The below query returned the expected pool when and is working with the diacritic-insensitive search but here I have to use the exact match i.e. full-text search.

db["Pool"].find({TenantId: BinData(3, "fjTbsQVA40CM5UsUlkTkDQ=="), OwnerId: BinData(3,"cDcPV5whymFeZKMg+8MN7w=="), Name: "Maoe"}).collation({locale:"en", strength: 1})
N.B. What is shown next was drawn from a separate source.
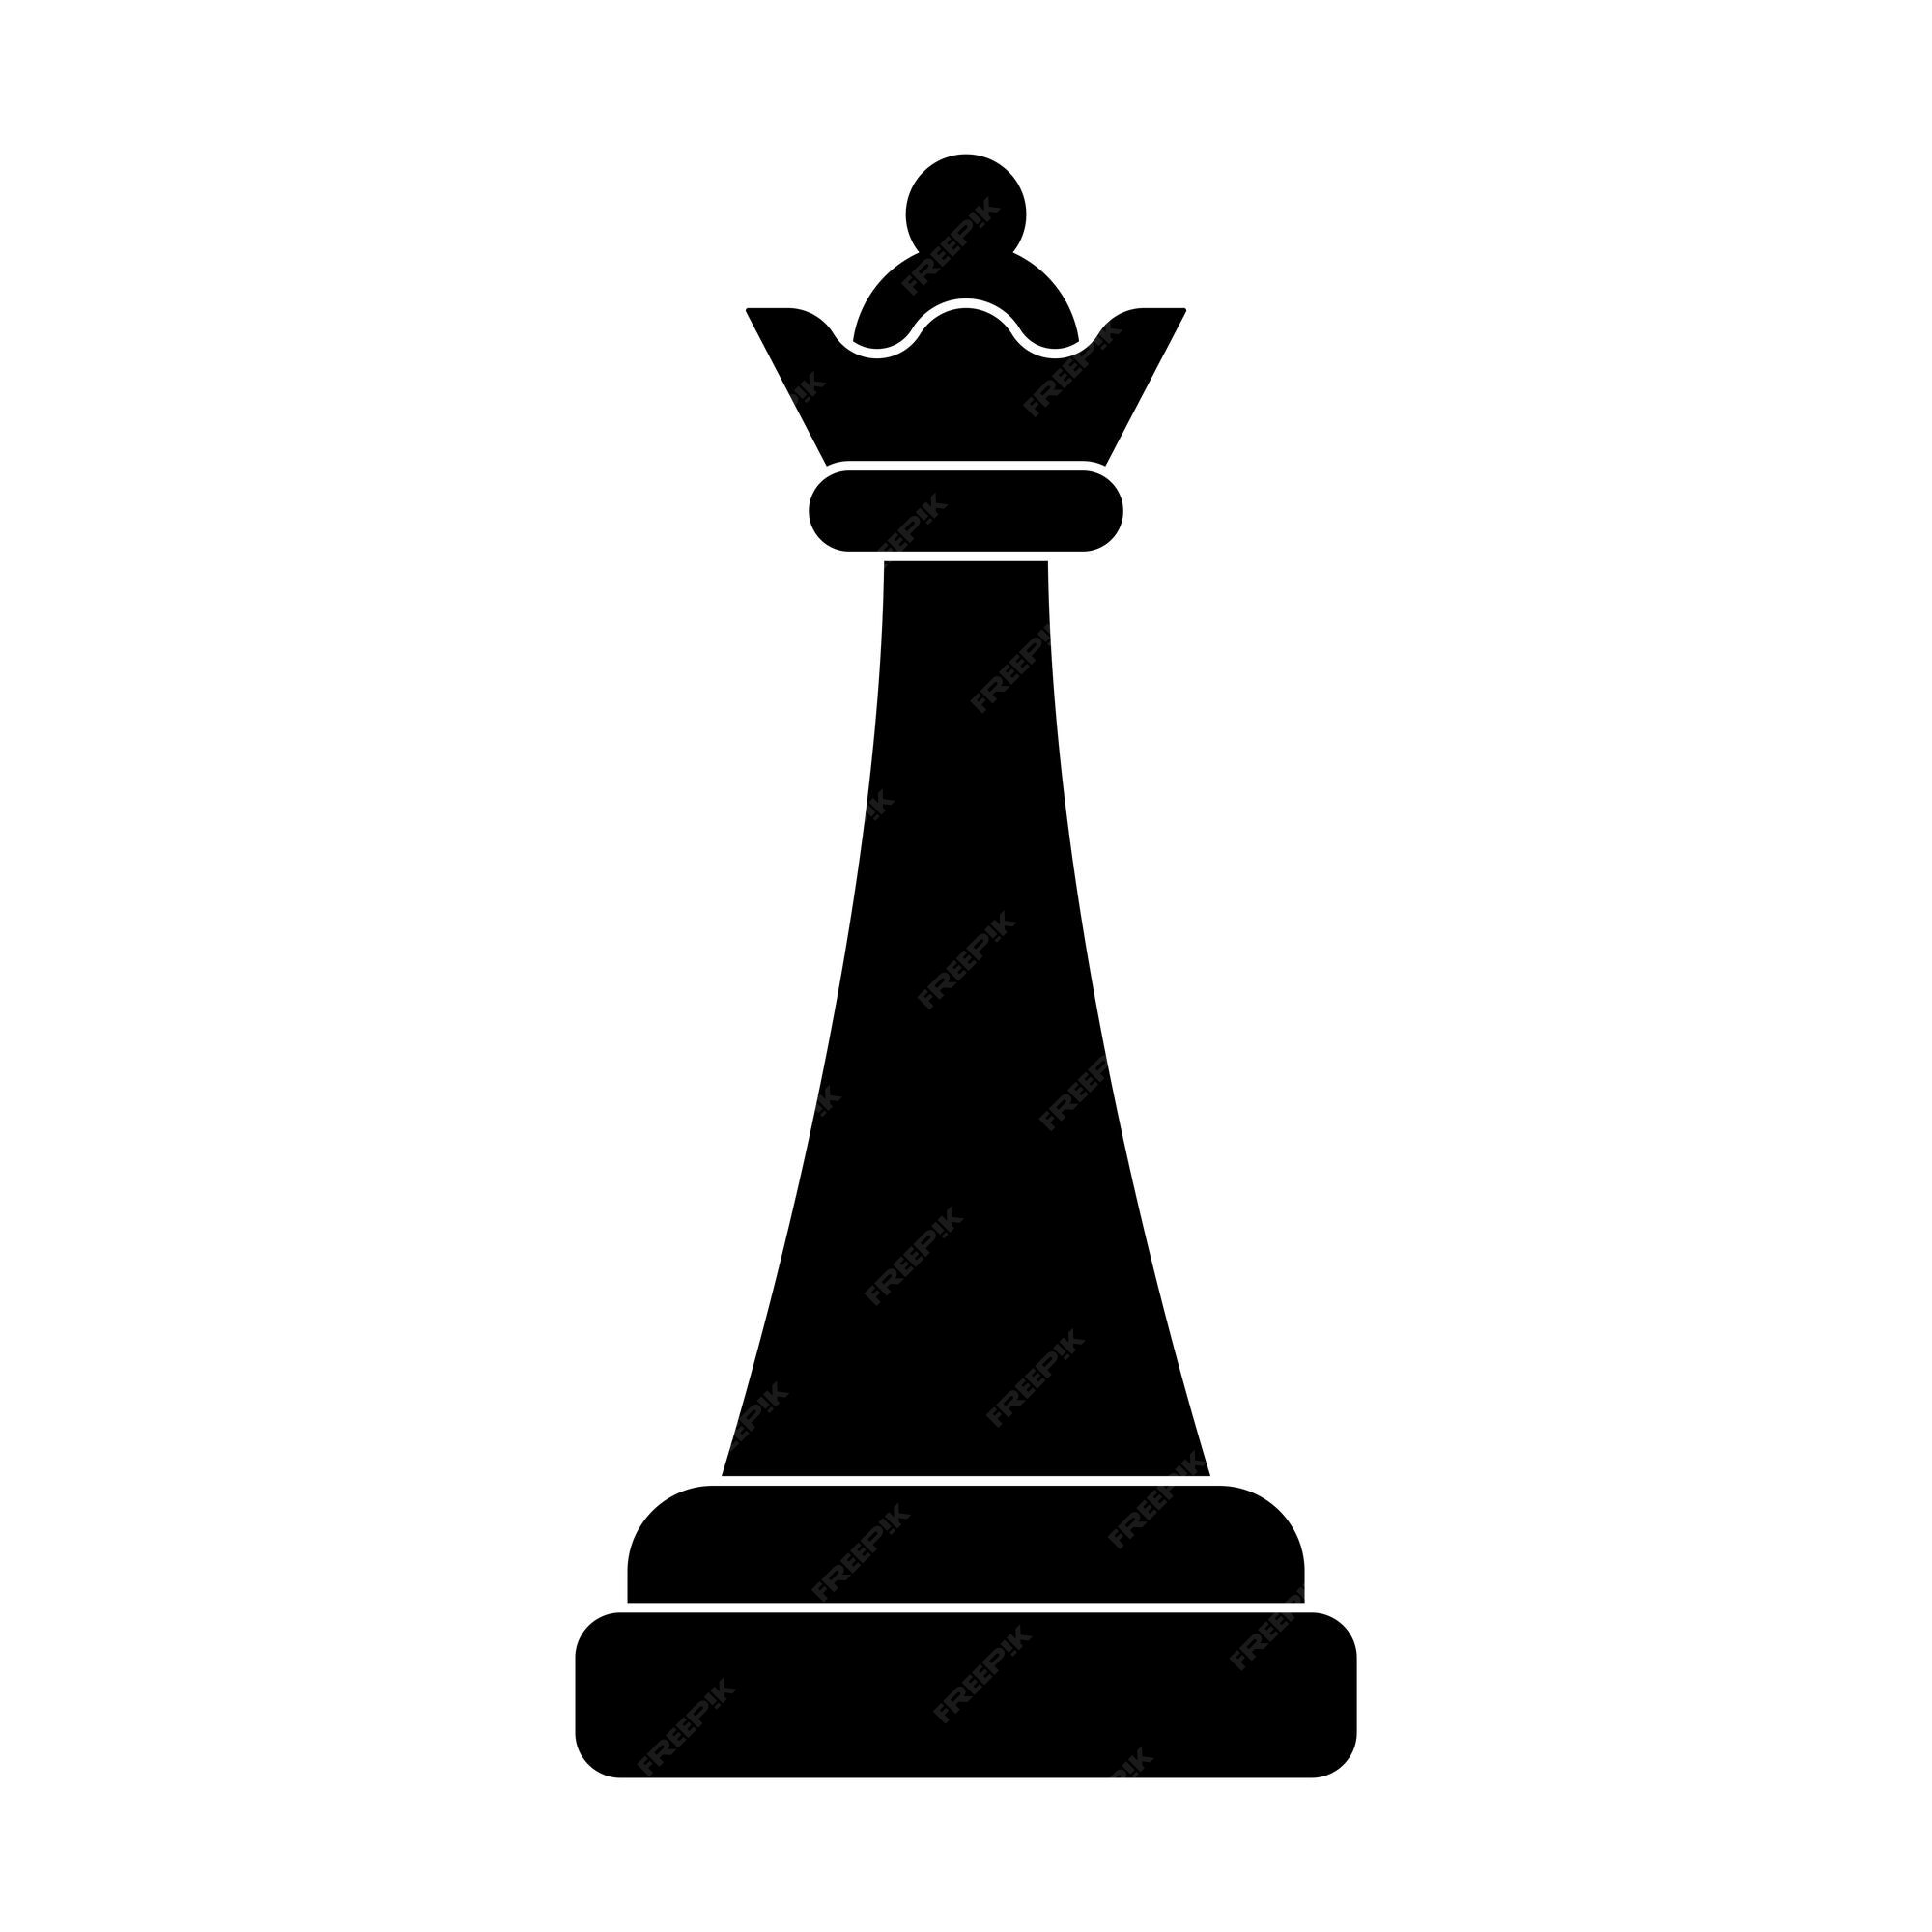 Chess Queen Line Icon In Flat Style Vector For Apps Ui Websites Black Icon  Vector Illustration Stock Illustration - Download Image Now - iStock

The output of the query is given below

{ _id: Binary.createFromBase64('FI2HAMcF/E6etfRWWcZ7Fg==', 3), AggregateVersion: 2, AuditableEvents: [], LastModified: 2024-12-19T13:05:05.266Z, DatabaseVersion: 638302904038095700, TenantId: Binary.createFromBase64('fjTbsQVA40CM5UsUlkTkDQ==', 3), CreatedAt: 2024-12-19T13:04:47.661Z, EntityReferences: [ { Name: 'OwnerId', Key: '570f3770-219c-61ca-5e64-a320fbc30def' }, { Name: 'SharedOwnerships.InternalEmployeeId', Key: '56bf3fcb-e7f4-8c92-e1e1-370c26f5bcc7' }, { Name: 'SharedOwnerships.InternalEmployeeId', Key: '0d9c0a0b-f9ba-b92b-411f-a33312530aff' } ], Name: 'Maøé', OwnerId: Binary.createFromBase64('cDcPV5whymFeZKMg+8MN7w==', 3), SharedOwnerships: [ { InternalEmployeeId: Binary.createFromBase64('yz+/VvTnkozh4TcMJvW8xw==', 3), DateAdded: 2024-12-19T13:05:05.249Z }, { InternalEmployeeId: Binary.createFromBase64('CwqcDbr5K7lBH6MzElMK/w==', 3), DateAdded: 2024-12-19T13:05:05.254Z } ] }

It appears that collation is not functioning as expected when using regex in my query. Specifically:

  • Diacritic-Insensitive and Case-Insensitive Search: These features do not seem to work properly when a regex-based query is used, even though collation is applied.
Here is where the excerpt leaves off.